The Cabinet Office announced a call for evidence for its review into mission-led businesses earlier this week, but SEUK said that the advisory panel does not have enough experts on it and that the review should be being backed by the Department for Business, Innovation and Skills.
Holbrook said: “It’s not uncommon for government reviews to disappoint, but it’s quite rare for a review to disappoint before it has even begun. Yet that is the view from many within the social economy sector at the government’s review of mission-led businesses.
“We acknowledge that social investment is a market with currently too few takers. One good response could be to improve the product. Another good answer could be to build capacity of start-ups to increase supply of investment-ready social enterprises. A further one could be to build awareness amongst commissioners to create more opportunities.”
The panel that the Cabinet Office has appointed is:
- Nigel Wilson (CEO, Legal & General Group plc)
- Natalie Campbell (founding partner, A Very Good Company)
- Luke Johnson (founder and chairman, Centre for Entrepreneurs)
- Loughlin Hickey (trustee, Blueprint for Better Business)
- Andrew Goodman (partner, McKinsey & Company)
- Marcello Palazzi (founder, Progressio Foundation)
- Antony Ross (partner, Bridges Ventures)
- Annika Small (co-founder, Centre for Acceleration of Social Technology)
- Frank Welvaert (managing director, Johnson & Johnson Corporate Citizenship Trust)

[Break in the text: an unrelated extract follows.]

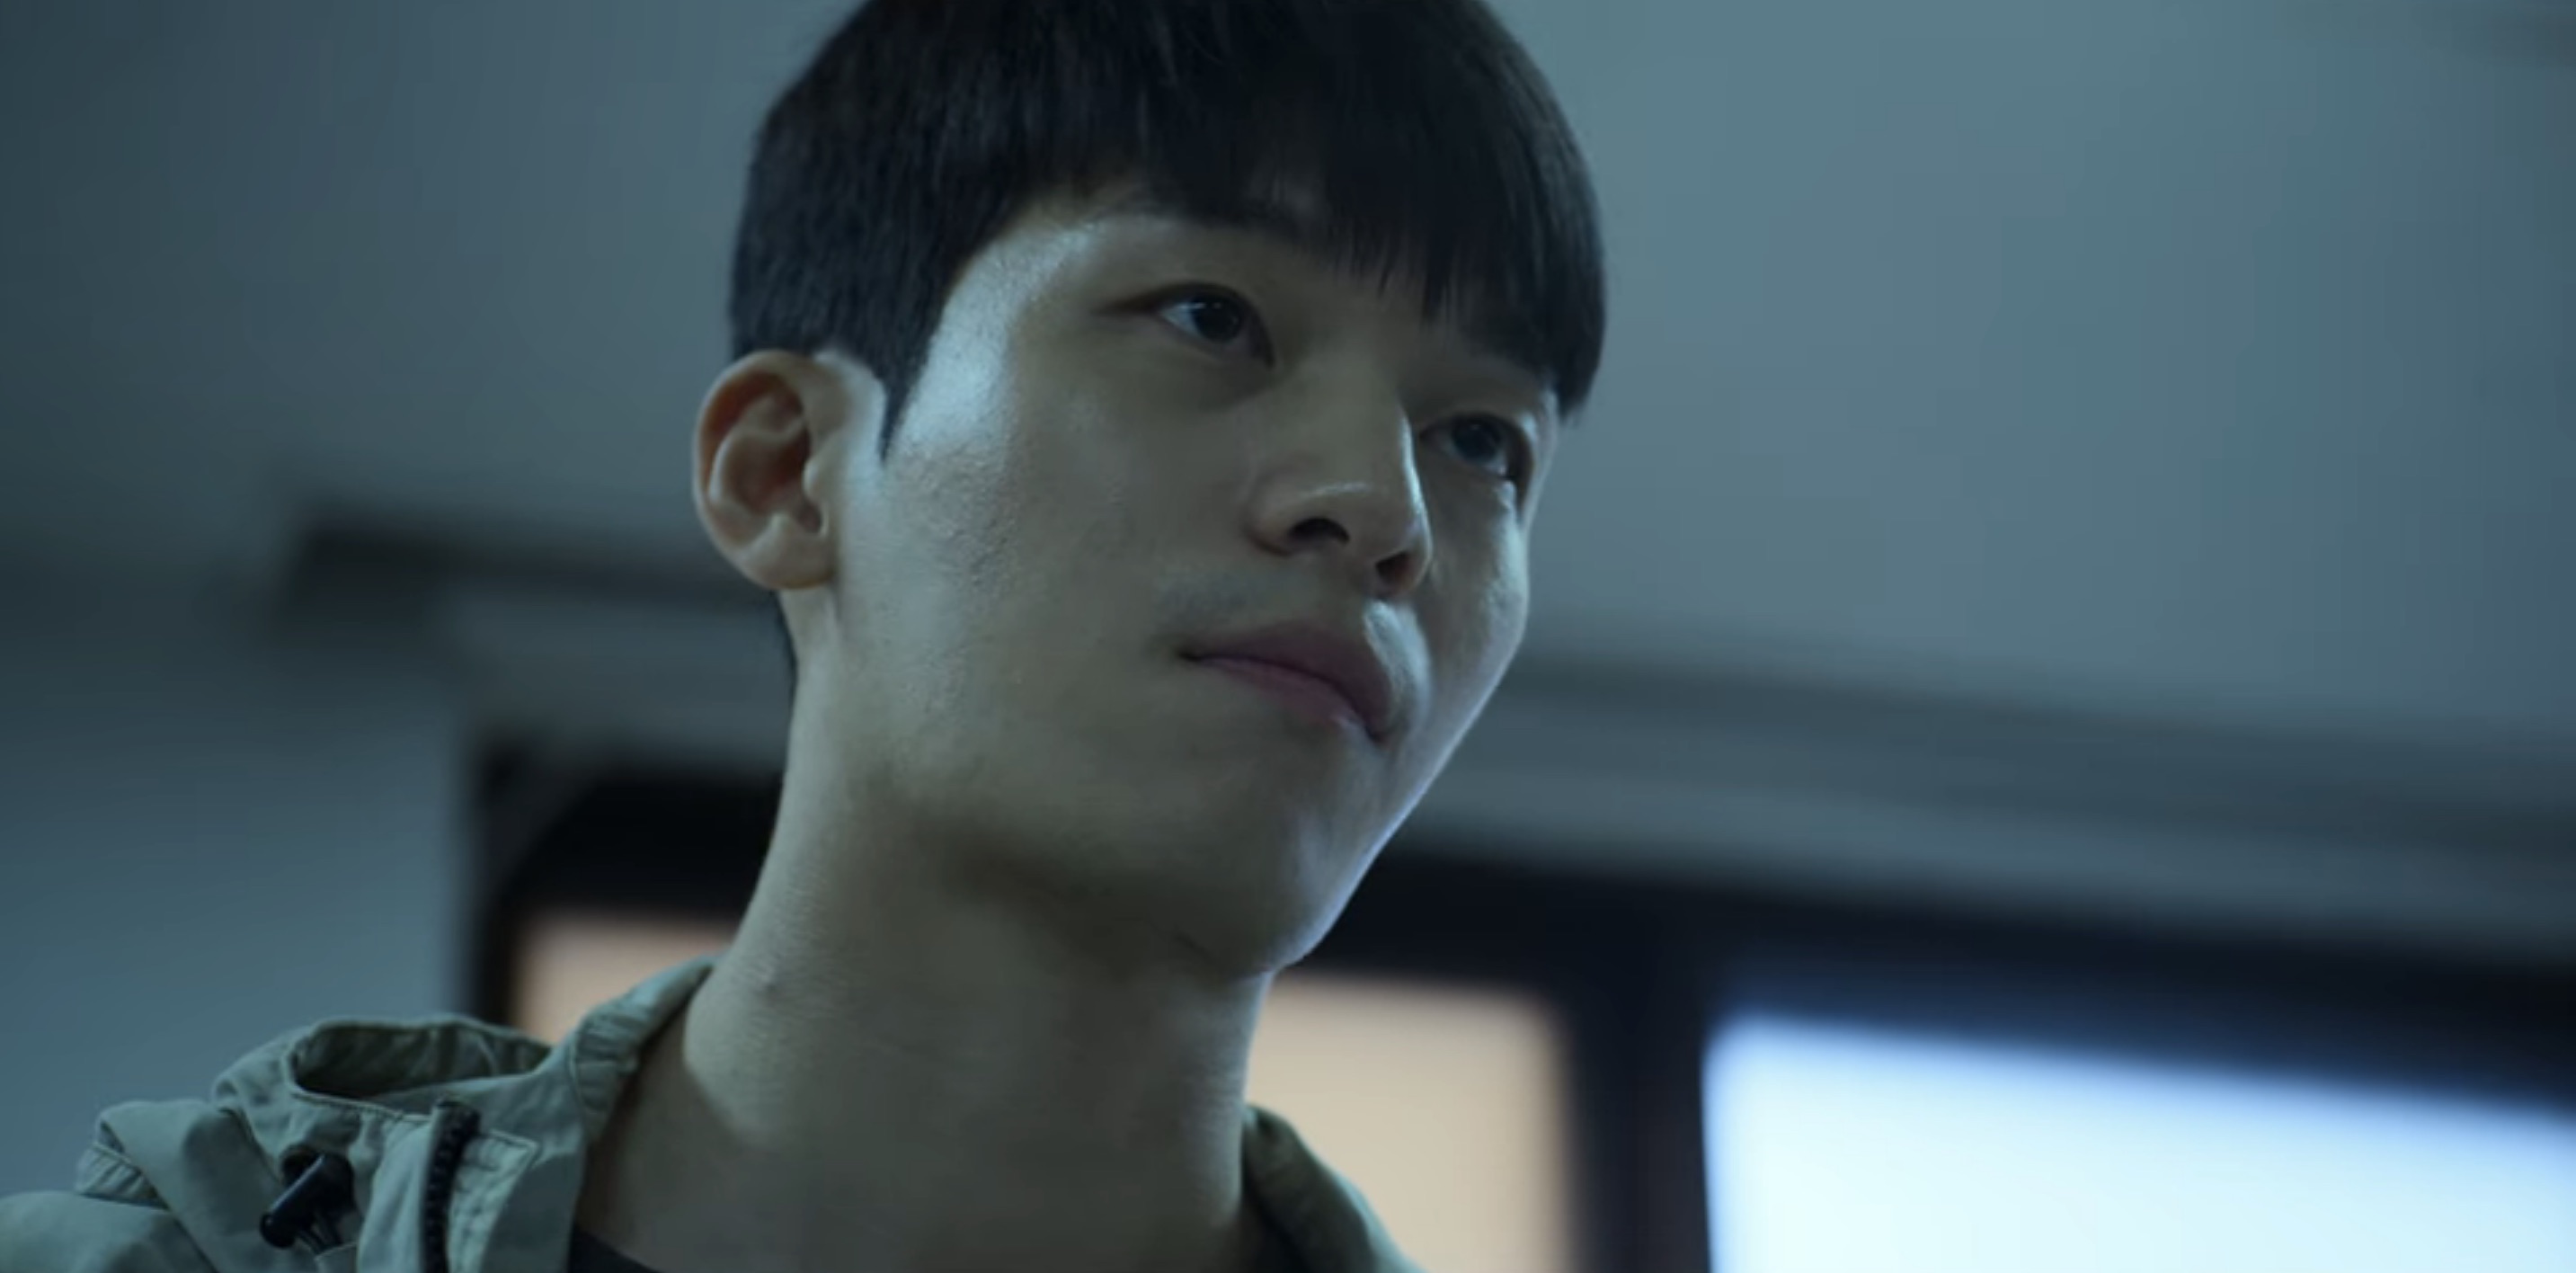 Squid Game Cast - Wi Ha-joon as Hwang Jun-ho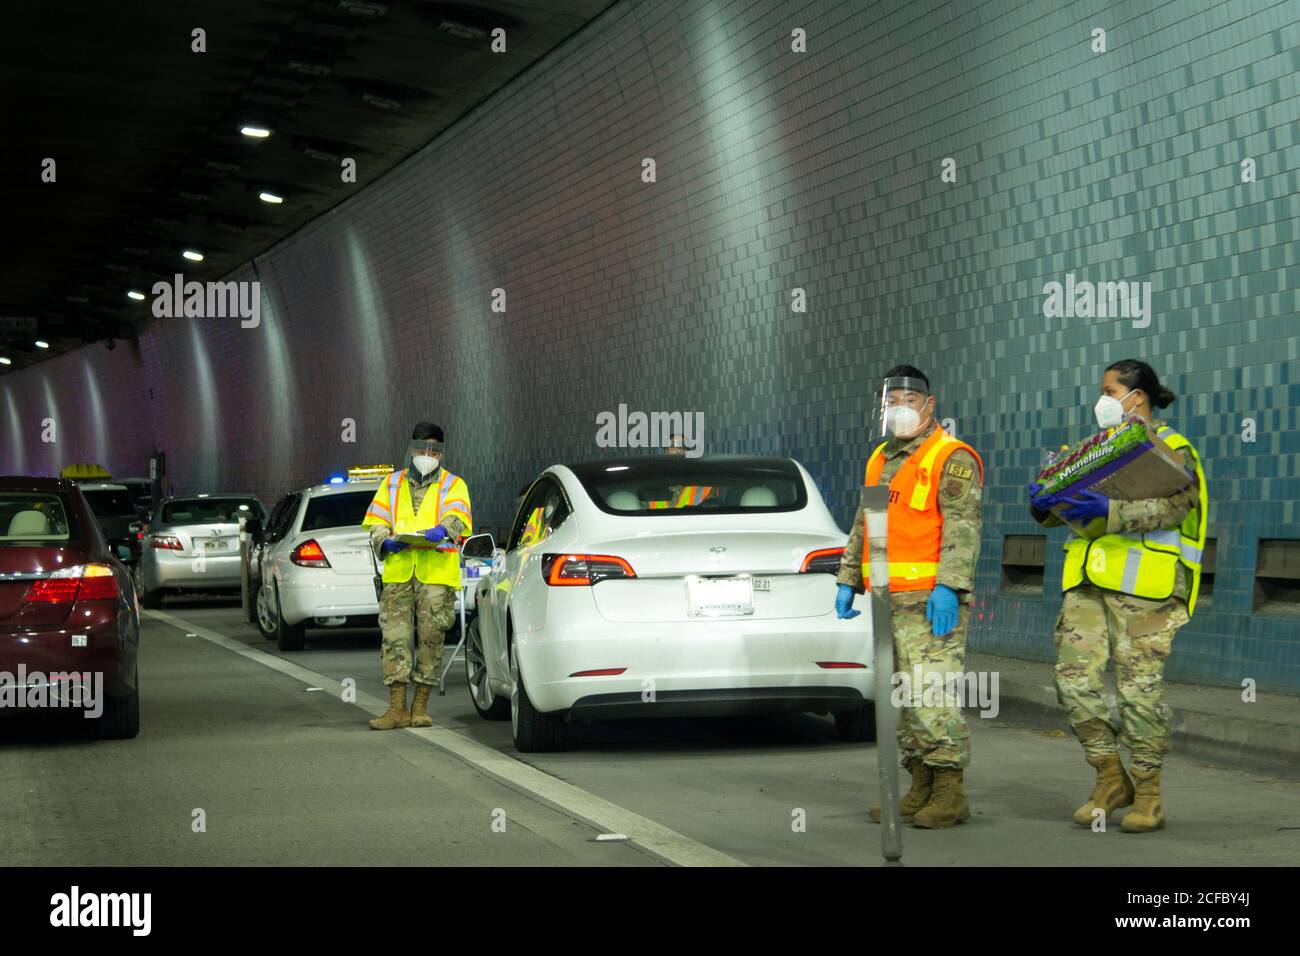 Militärpersonal in persönlicher Schutzausrüstung hilft bei der Durchführung von COVID-19-Massentests im Tunnel an der H3-Autobahn, Oahu, Hawaii, USA Stockfoto

- Monique Villa (CEO, Thomson Reuters Foundation)
Holbrook added that “judging by the nature of the review team, the government intends to broaden the social investment market by watering down the definition of what 'social' is.” And that “ill-defined terms” only serve to “conflate and confuse”.
“All social enterprises and charities are mission-led but aren't included in the scope of this review; all our members are interested in profit and impact,” he said. “It will be difficult to communicate clearly as a profit-with-purpose, mission-led, community-business social venture - because not even the organisation itself will know what it means.”
“Quick fixes tend to turn out as bodged jobs. The expert advisory panel is missing authentic voices of recognised, established and trusted social businesses. Where are the historical insights of the likes of Timpson, Rowntree, John Lewis, Lush, and decades of Quaker-inspired businesses? Where are the voices of social enterprise and co-operatives bringing their expertise in the field? Let us hope that the review group draws on the experience of a wider set of perspectives. The insights of those who have set about protecting a social purpose, with or without success, is critical.
"It is crucial that we strengthen the social responsibility of mainstream businesses, which is why it is disappointing that the Department for Business, Innovation & Skills do not appear to be backing this review."
Announcing the review earlier this week the minister for civil society, Rob Wilson, said: “Mission-led businesses have the potential to revolutionise the way we solve some of our biggest social challenges. This review will help us find new ways to tap into their full potential, helping us to improve the lives of those in most need whilst creating a more compassionate society.
“I welcome as much input as possible into this review to make sure that we get this right. I want every entrepreneur to be able to easily establish a business that commits them to making social as well as an economic impact on society if they chose to."
The call for evidence closes on 8 July.